6  Diagnostic Test Evaluation

The Clinician’s Toolkit for Measuring How Well Tests Work

Diagnostic Statistics
Clinical Epidemiology
ROC Analysis

Lecture slides for this module: Open Slides

6.1 Learning Objectives

By the end of this module, you will be able to:

  1. Construct a 2×2 contingency table with the index test in rows and gold standard in columns
  2. Calculate sensitivity, specificity, PPV, and NPV from the 2×2 table
  3. Explain how prevalence transforms predictive values — the same test behaves differently in different populations
  4. Compute and interpret likelihood ratios (LR+ and LR−) as prevalence-independent measures of test performance
  5. Use the Fagan nomogram to move from pre-test to post-test probability
  6. Construct and interpret ROC curves and understand AUC
  7. Choose the optimal cutoff for a test based on clinical context
  8. Decide when to prioritise sensitivity vs specificity in test selection
  9. Apply these concepts to Indian clinical scenarios: cervical cancer screening, TB, and malaria
Builds on Module 4

This module assumes you understand conditional probability, Bayes’ theorem, and natural frequencies from Module 4: Probability and Clinical Reasoning. If concepts like “pre-test probability” or “likelihood ratio” feel unfamiliar, review Module 4 first.


6.2 Real-World Dilemma: Cervical Cancer Screening in Rural India

India bears nearly a quarter of the global cervical cancer burden. In many rural districts, Pap smear infrastructure is unavailable — cytology labs are hours away and results take weeks. So the government promotes VIA (Visual Inspection with Acetic Acid) as an alternative screening test.

A community health worker in a tribal district of Madhya Pradesh screens 1000 women with VIA. The results are compared against colposcopy-directed biopsy (the gold standard).

VIA test characteristics:

  • Sensitivity: ~80%
  • Specificity: ~85%

Pap smear test characteristics:

  • Sensitivity: ~60%
  • Specificity: ~95%

The district medical officer asks: “VIA is more sensitive, so isn’t it the better test?”

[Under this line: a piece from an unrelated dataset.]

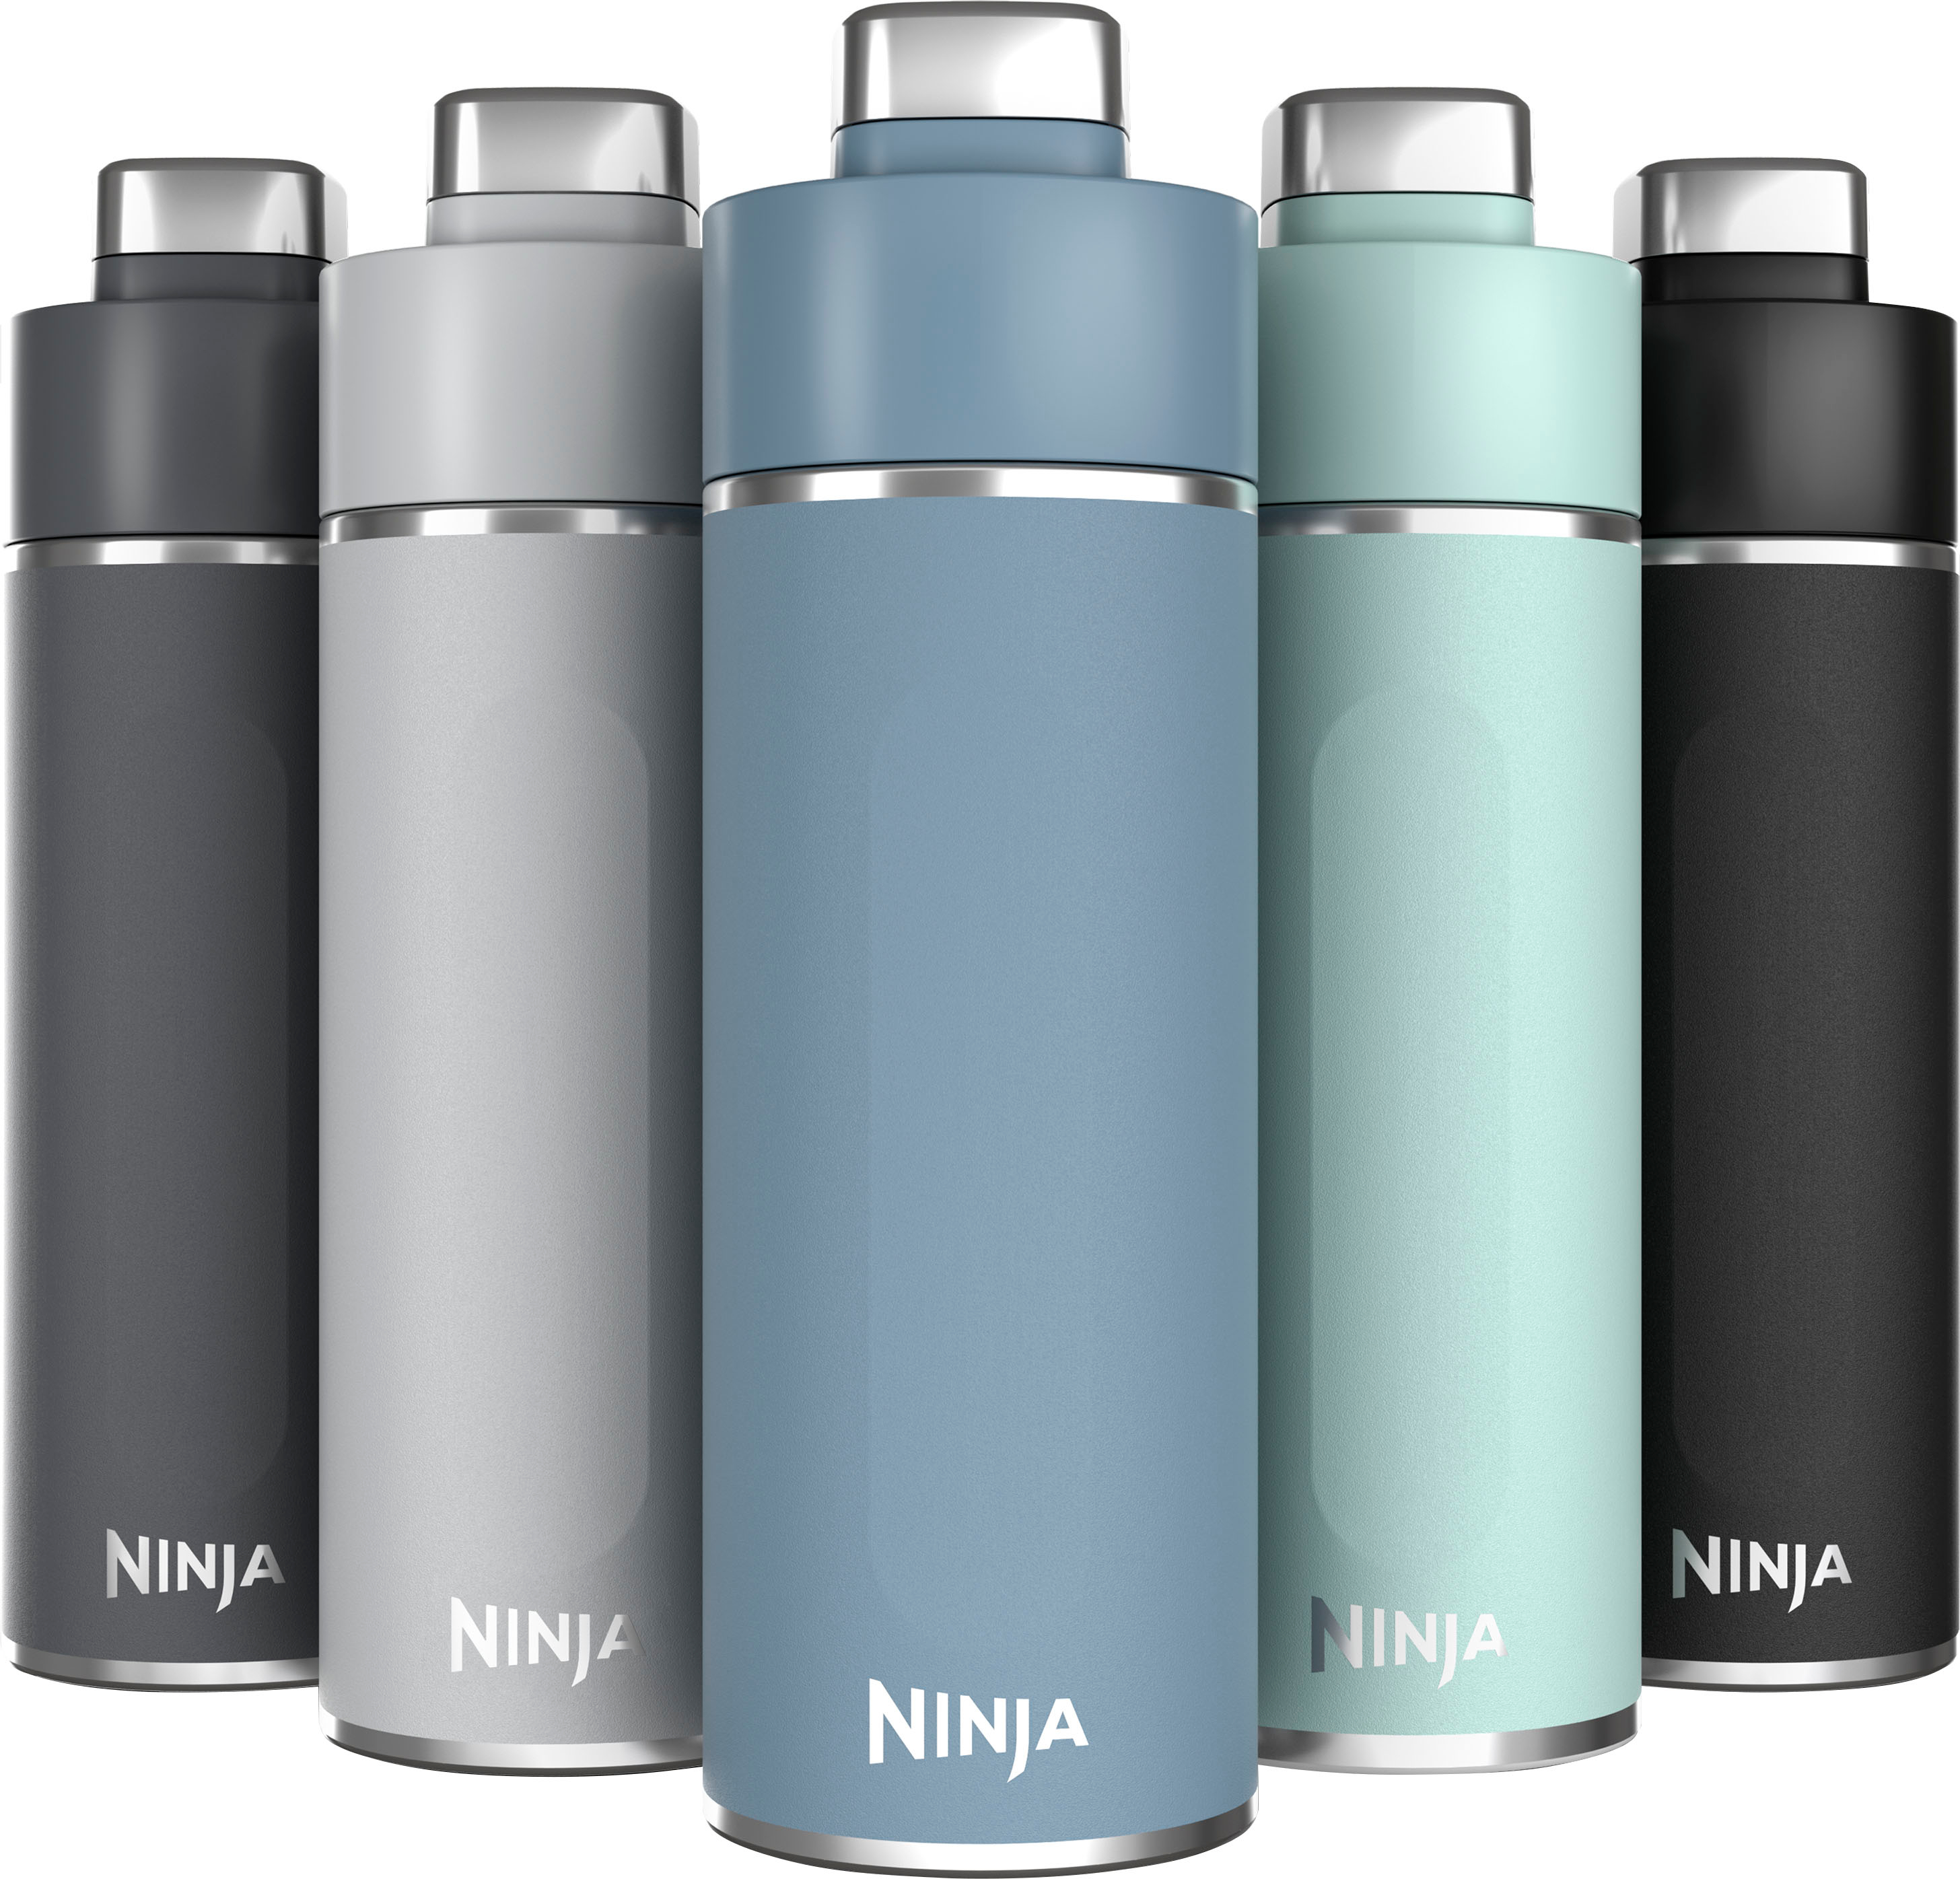 Ninja Thirsti 24-Oz. Black Travel Bottle + Reviews

The answer is: it depends on what you need the test to do — and understanding that requires the full diagnostic test evaluation toolkit.

This module gives you that toolkit.


6.3 Part 1: The 2×2 Contingency Table

Every diagnostic test evaluation begins with comparing the index test (the test being evaluated) against a gold standard (the reference standard that defines “true” disease status).

The Standard Layout

The conventional arrangement places the index test result in rows and the gold standard in columns:

Table 6.1: Standard 2×2 Table Layout: Index Test in Rows, Gold Standard in Columns
Gold Standard
Disease Present Disease Absent Row Total
**Test Positive** True Positive (TP) False Positive (FP) TP + FP
**Test Negative** False Negative (FN) True Negative (TN) FN + TN
**Total** TP + FN FP + TN N

Key definitions:

  • True Positive (TP): Test says positive, patient truly has the disease
  • False Positive (FP): Test says positive, but patient does NOT have the disease (right upper corner — “false alarm”)
  • False Negative (FN): Test says negative, but patient truly HAS the disease (left lower corner — “missed case”)
  • True Negative (TN): Test says negative, patient truly does not have the disease

Worked Example: VIA Screening in Rural MP

Let’s construct the 2×2 table for the VIA cervical cancer screening scenario. Suppose in a population of 1000 women screened, cervical precancer/cancer prevalence is 5%.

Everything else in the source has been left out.